DATA SHOWN:
[Start of section]

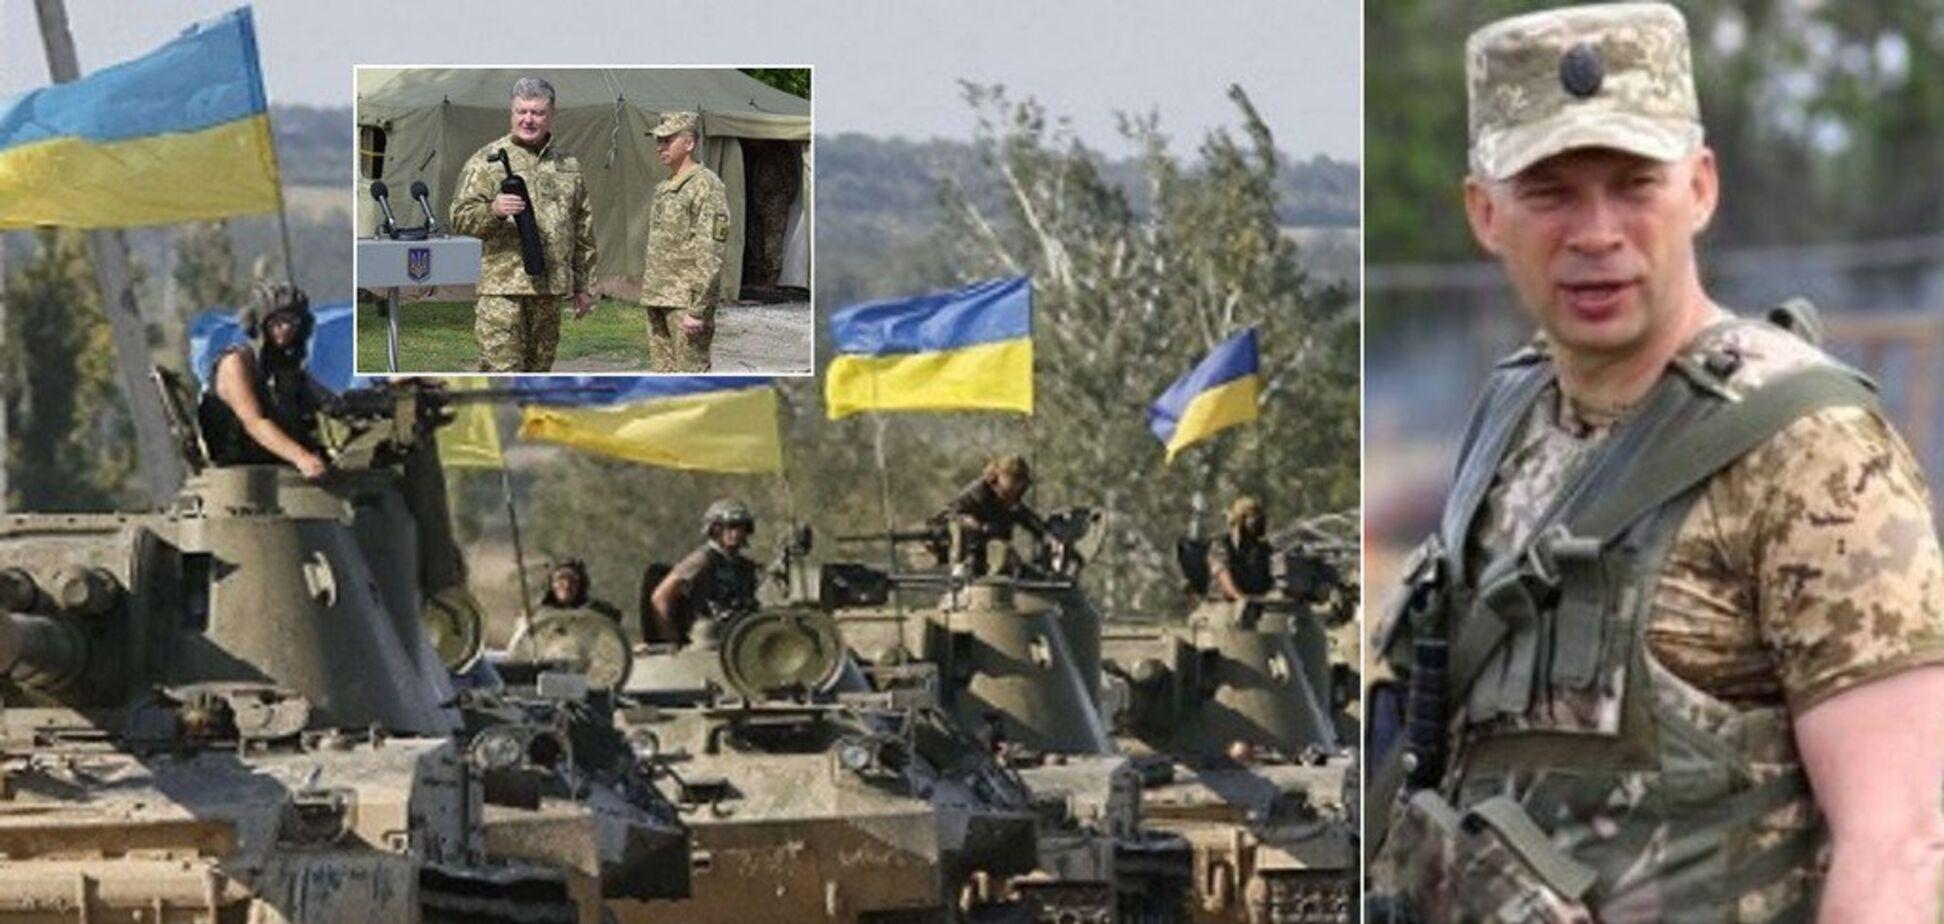 Порошенко призначив нового командувача ООС на Донбасі: хто він такий
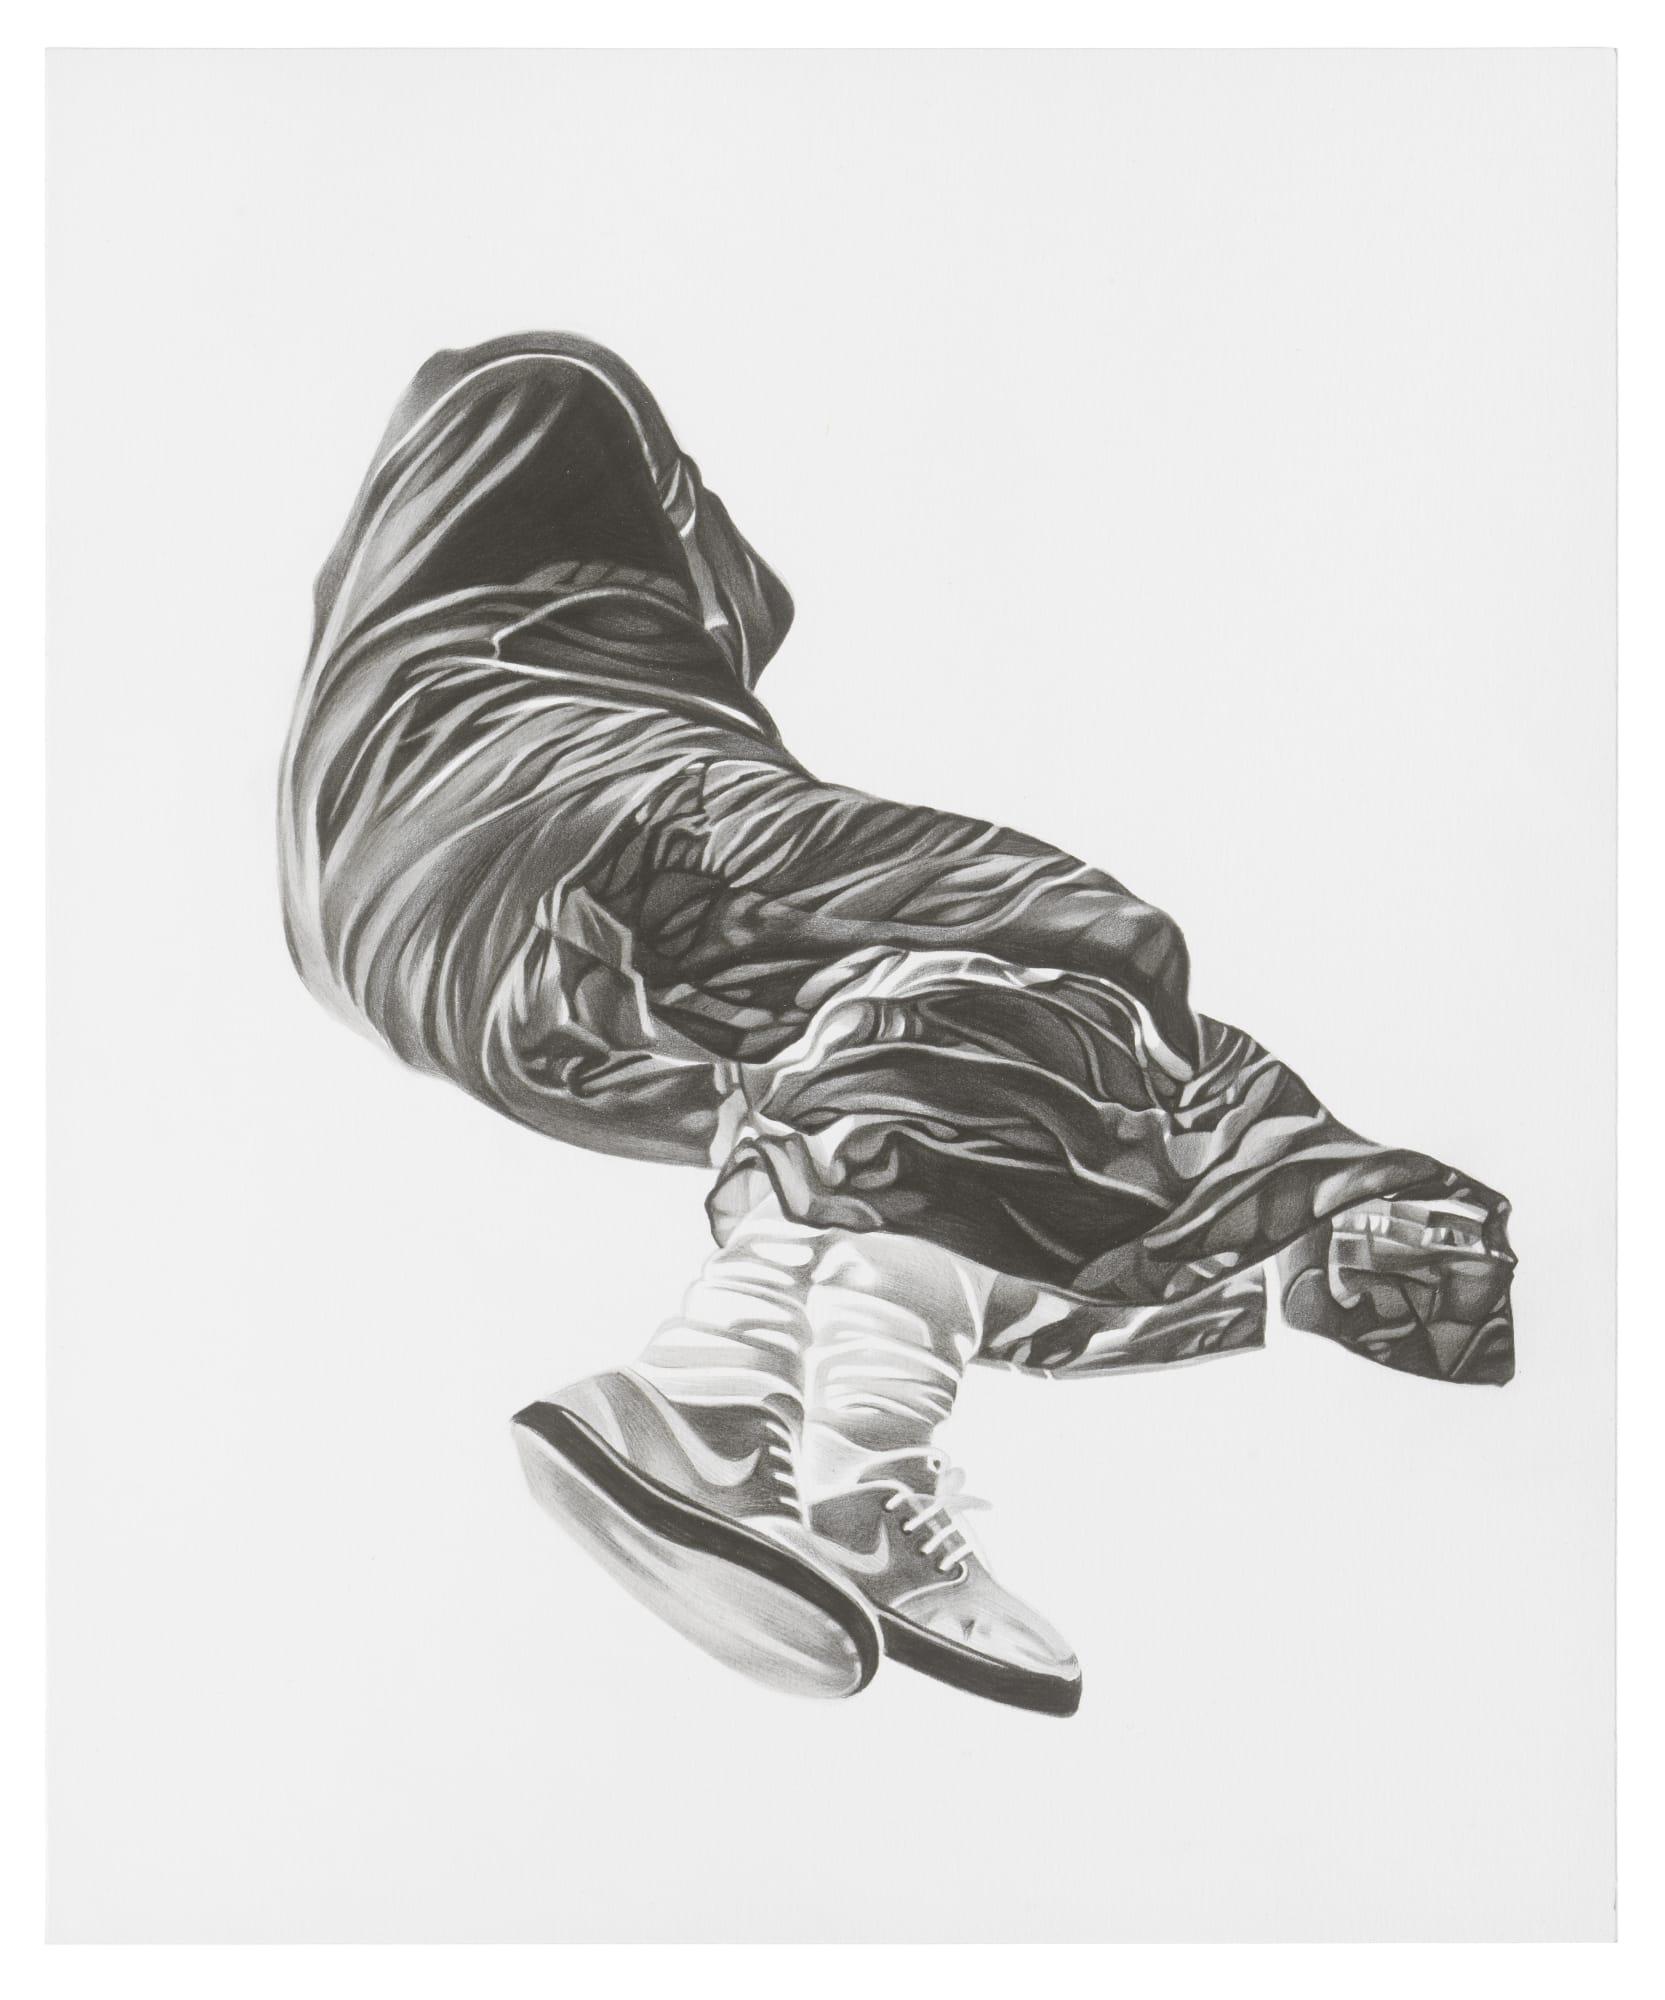 Marc Brandenburg, Untitled , 2019
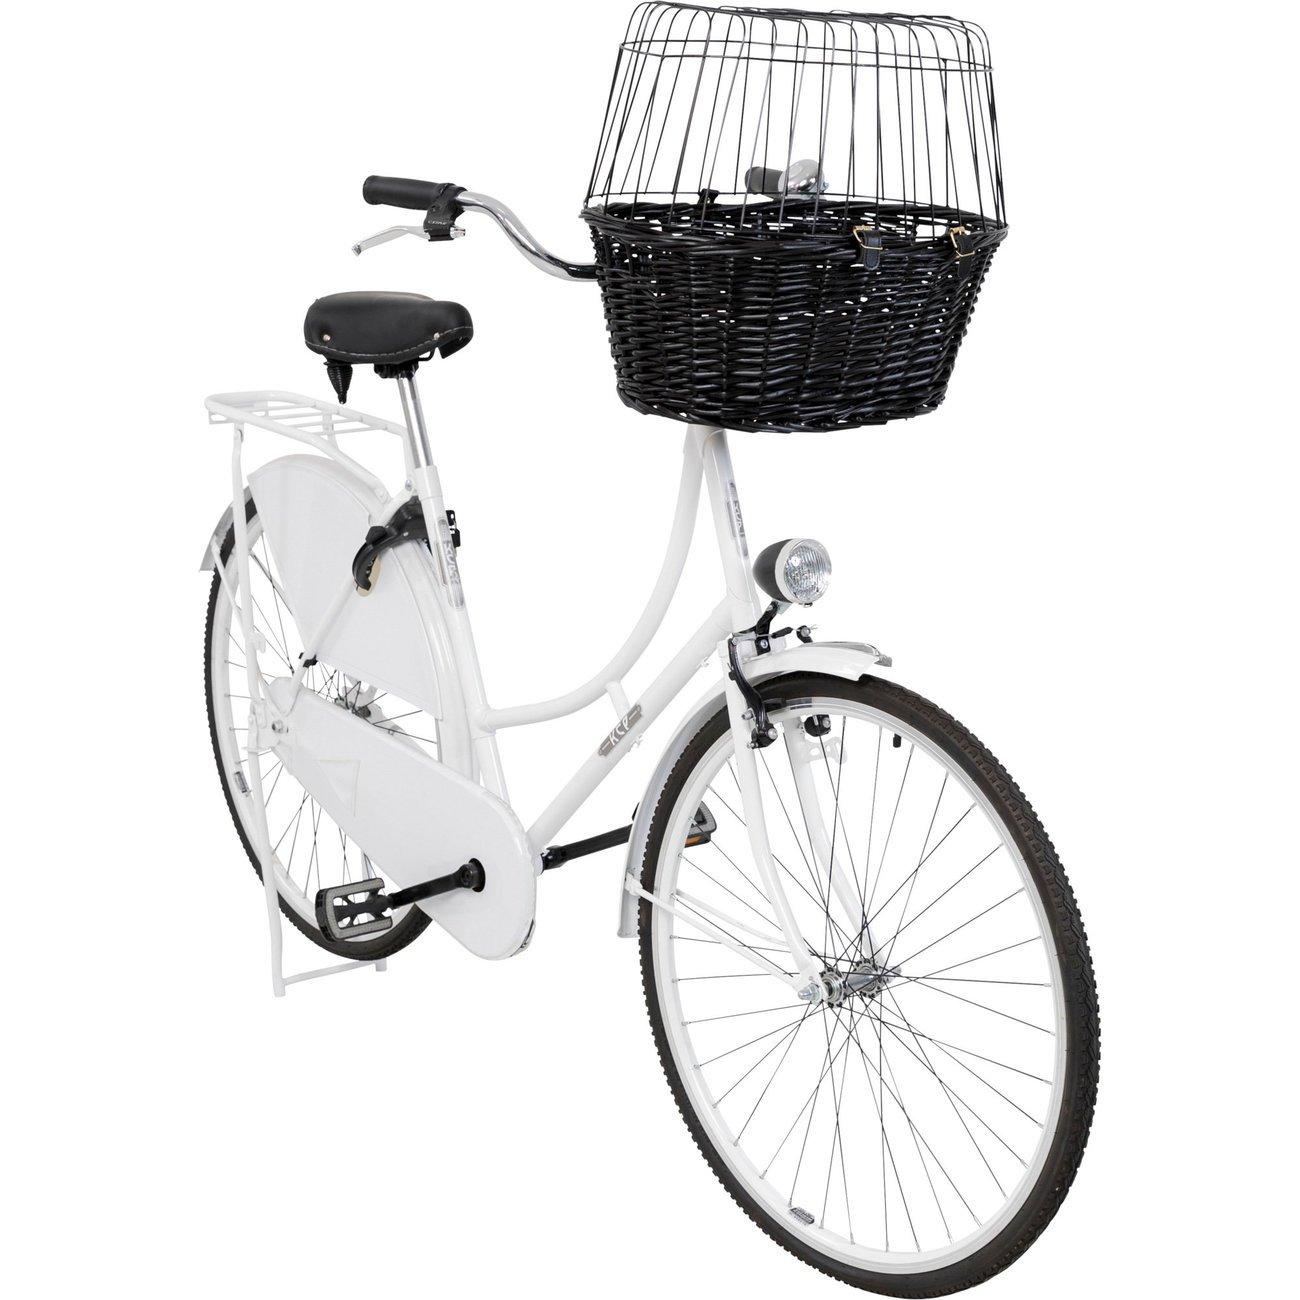 TRIXIE Fahrradkorb mit Gitter, schwarz 2818, Bild 5

[End of section]

None of the pictures belong in the copy; repeat all other material exactly.

 Порошенко призначив нового командувача ООС на Донбасі: хто він такий
 Marc Brandenburg, Untitled , 2019
 TRIXIE Fahrradkorb mit Gitter, schwarz 2818, Bild 5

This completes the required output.